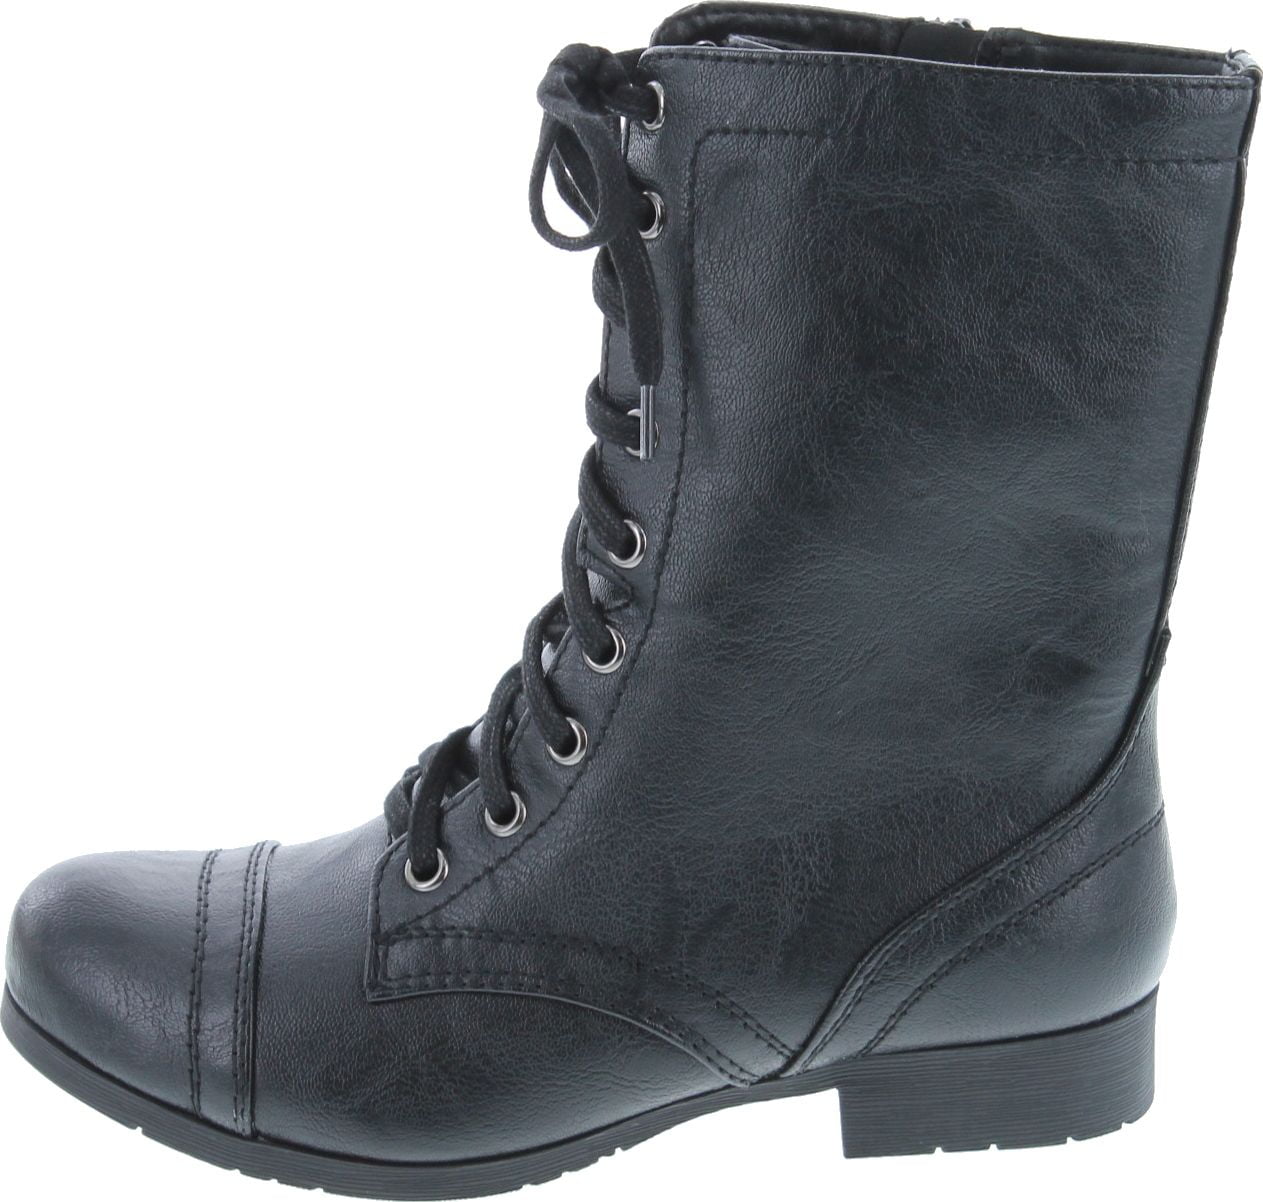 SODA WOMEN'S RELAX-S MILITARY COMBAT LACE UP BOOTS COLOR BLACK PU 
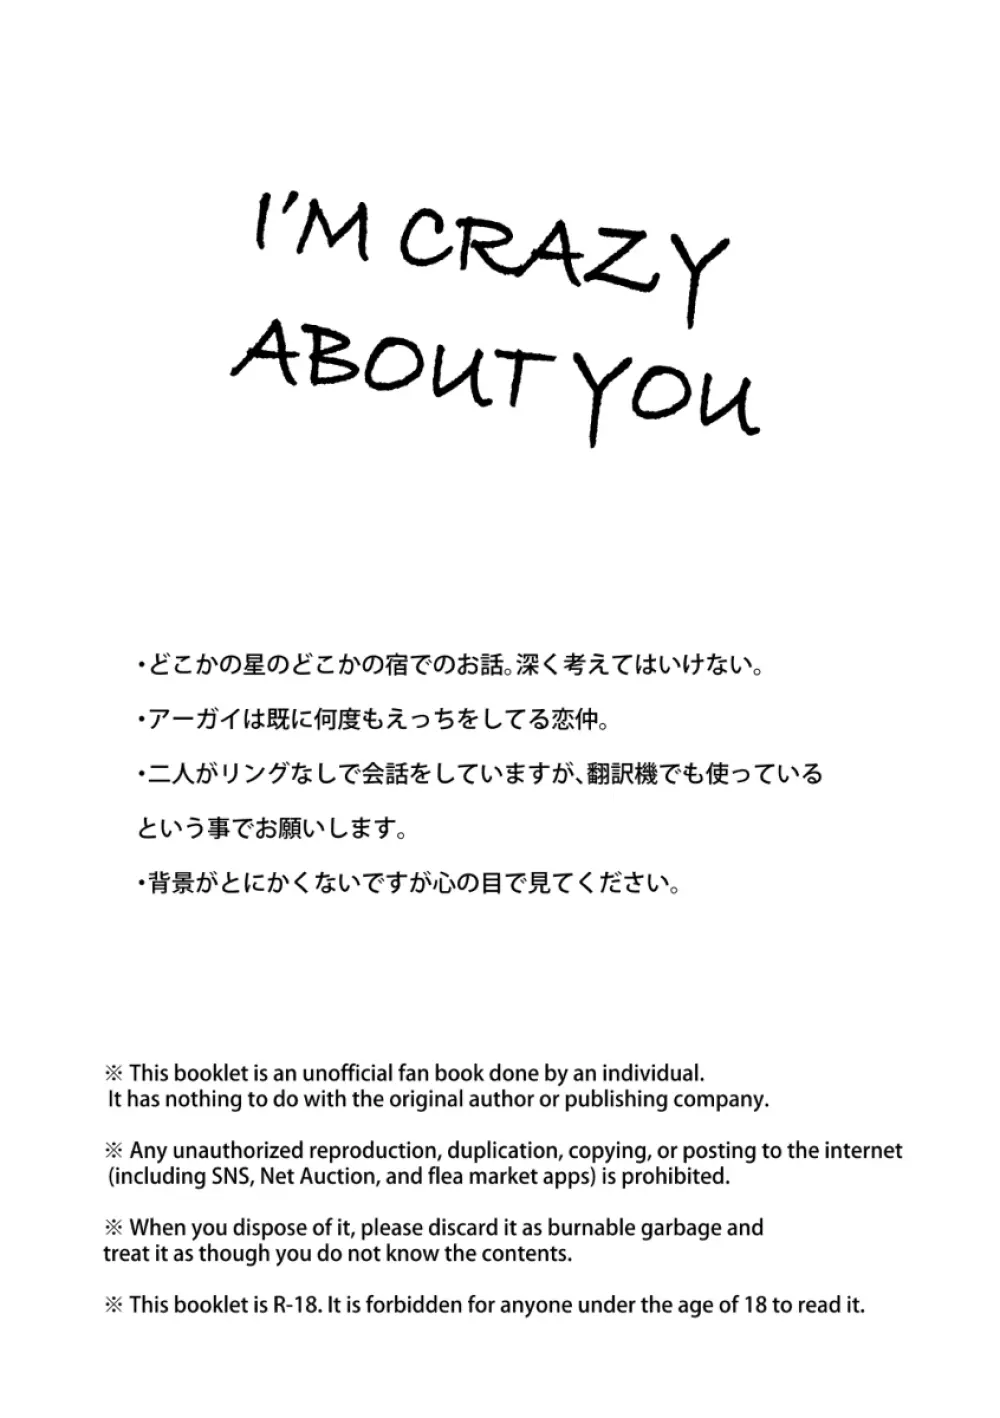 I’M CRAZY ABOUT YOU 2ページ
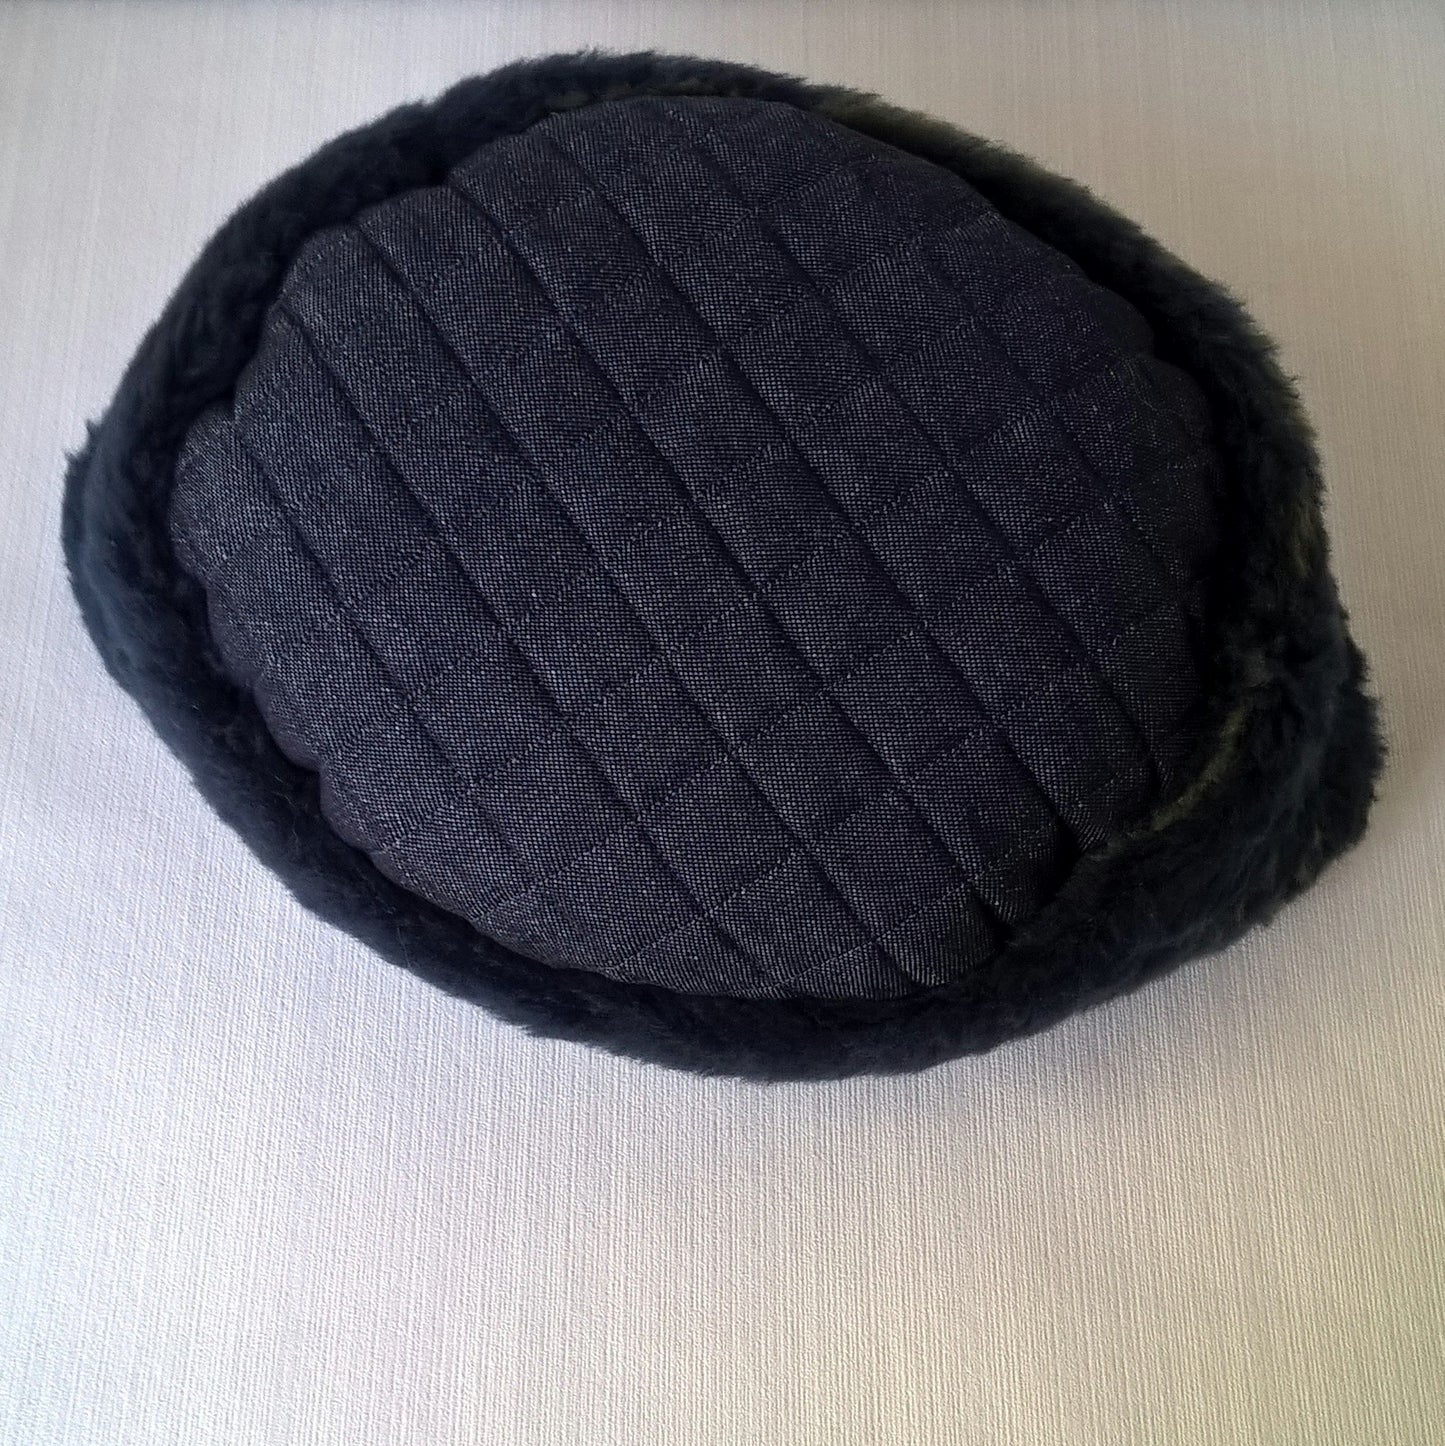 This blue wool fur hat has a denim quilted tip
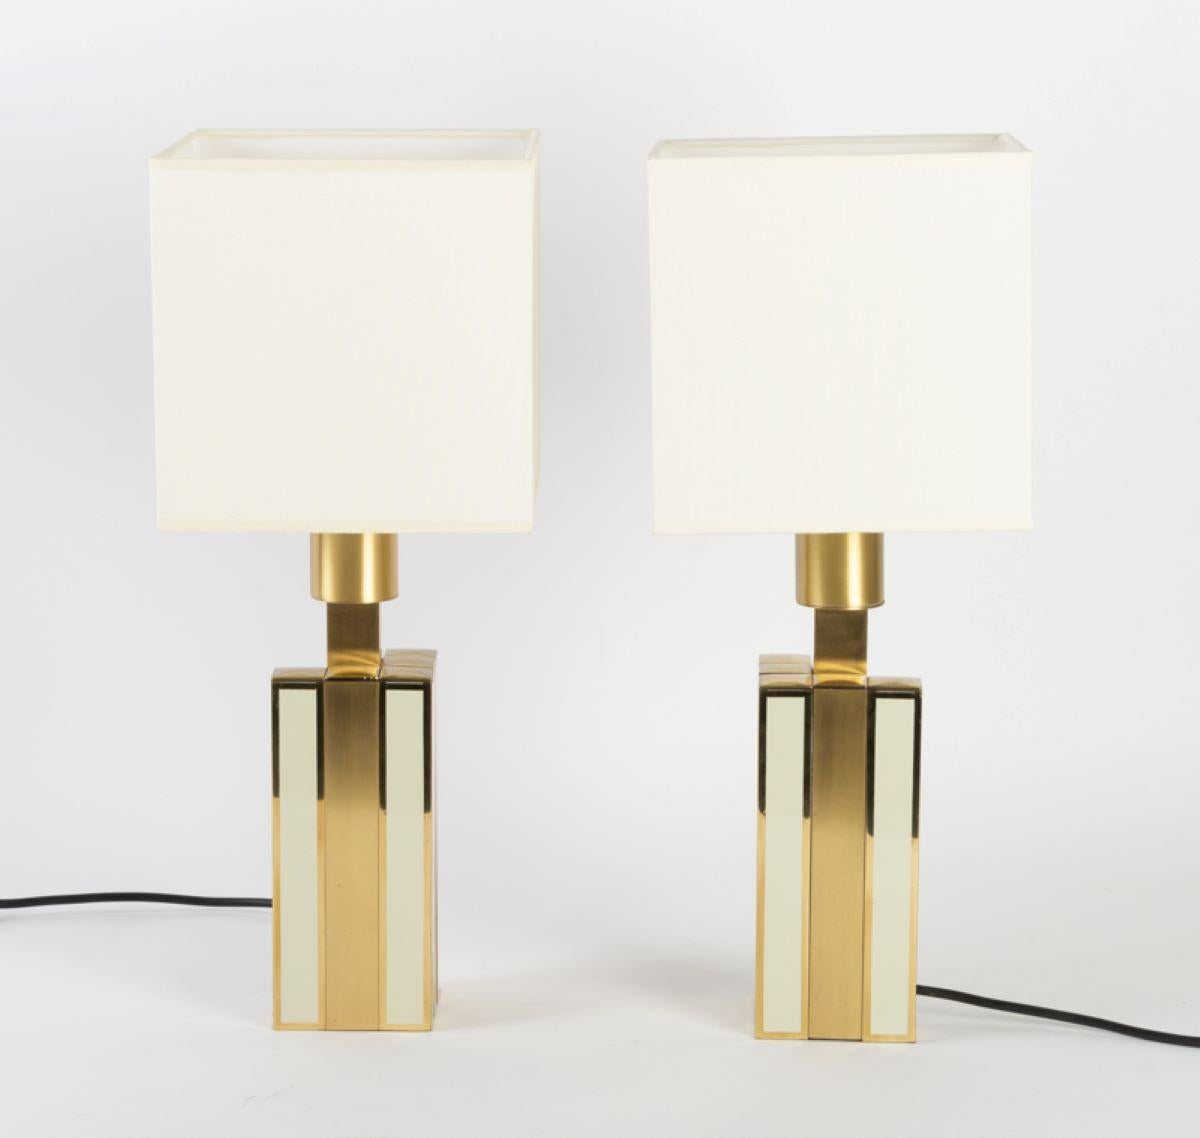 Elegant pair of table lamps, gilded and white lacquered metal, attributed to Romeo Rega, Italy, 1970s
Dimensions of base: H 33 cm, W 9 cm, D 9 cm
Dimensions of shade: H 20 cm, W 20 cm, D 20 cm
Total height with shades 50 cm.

┄┄┄┄┄┄┄┄┄┄

▶ **ABOUT THIS TASK**: Repeat exactly the lines of the records from the one containing "Dimensions of base: H 33 cm, W 9 cm, D 9 cm" to the last, and include no line outside that stretch.

▶ **SOLUTION BELOW**:
Dimensions of base: H 33 cm, W 9 cm, D 9 cm
Dimensions of shade: H 20 cm, W 20 cm, D 20 cm
Total height with shades 50 cm.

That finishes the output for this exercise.